So, I don't know if surgery has a quicker good outcome on the good part of thyroid. If not, you'd need to give your cat subQ's for longer than 20 days. You will have to keep her kidneys under control for at least 3 months post treatment, but this goes along with the regular thyroid checks that you will have to run after the therapy.
My cat had the therapy August 2017, she had a first check 30 days later, a second check at 90 days and a third one at 180 days.

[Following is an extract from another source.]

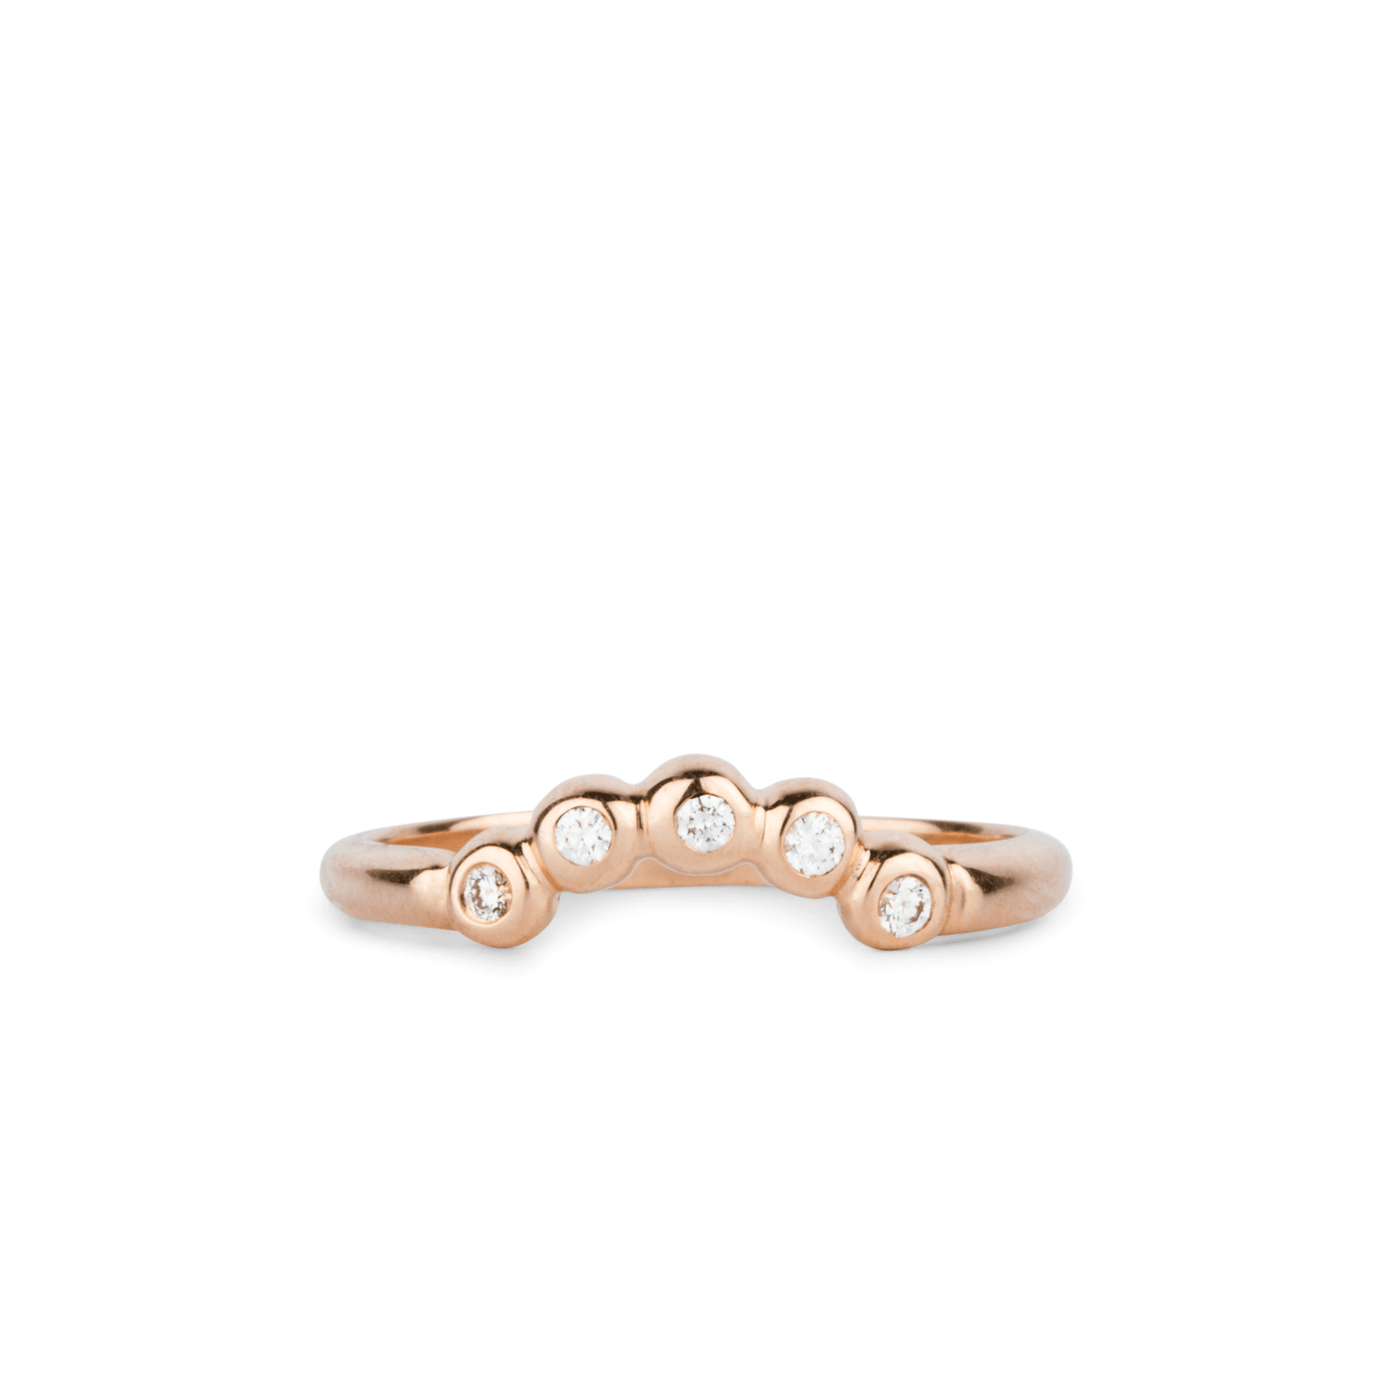 Arched Droplet Band in Rose Gold with White Diamonds by Corey Egan
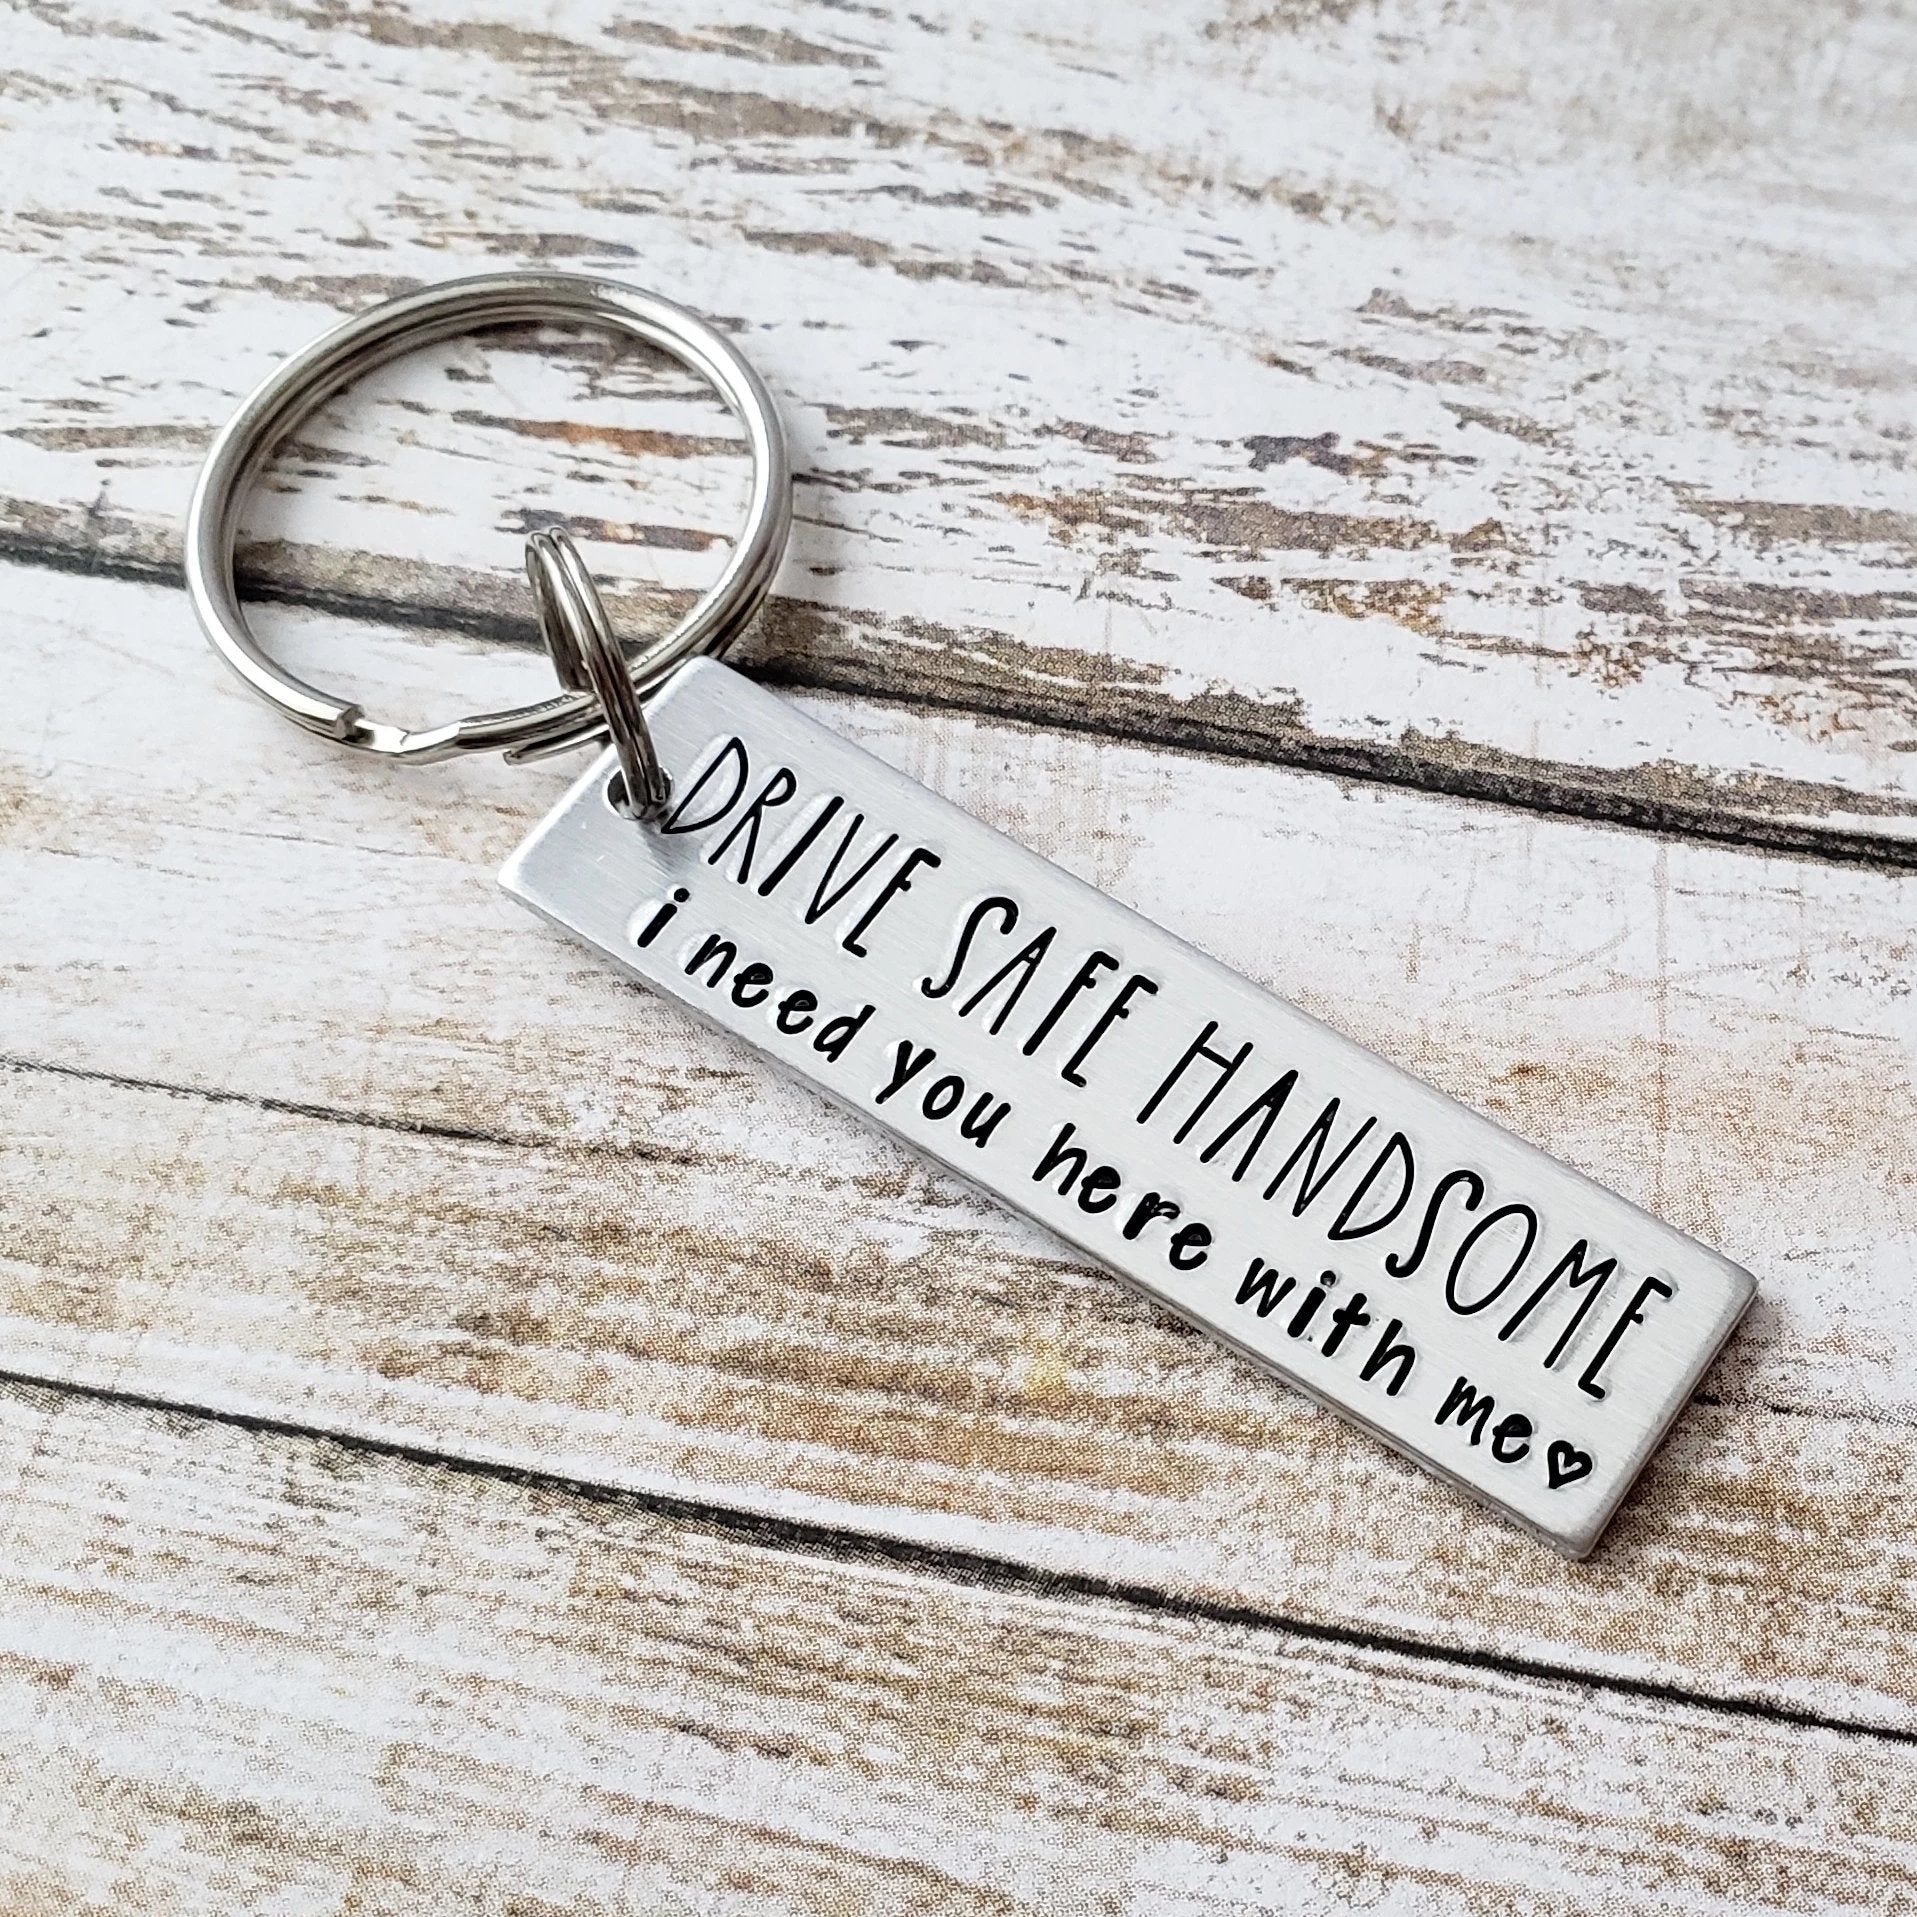 Candidly K Handmade Drive Safe I Need You Here with Me Key Chain

The surgery is the second best choice of therapy after I-131, but has a greater percentage of risk. Damage to the trachea and nerves around it is possible.
When the vet exposed the choices to me, they would have liked to go with the surgery but I had read all about it and knew it was way too risky for me, and I insisted on the I-131.

I understand you have issues that will prevent you from being next to your cat for a while, but I still think that it is absolutely the best treatment for a cat.
She will stay away from home for a while, but it won't long, in 4 weeks she'll back with you, and 4 weeks go by faster than you think.
As for the radiations that would affect the cat's body system too, that might be true, but as far as I know, no cat has ever suffered from these consequences.

I live in a country where nearly no vets know much about I-131, and there's no facility here that does this treatment. I should have continued with methimazole or choose the surgery.
But I am stubborn and only look for the best for my cats and travelled abroad, to another country, to have it done, and I say it's been money well spent, and I would recommend it to everybody!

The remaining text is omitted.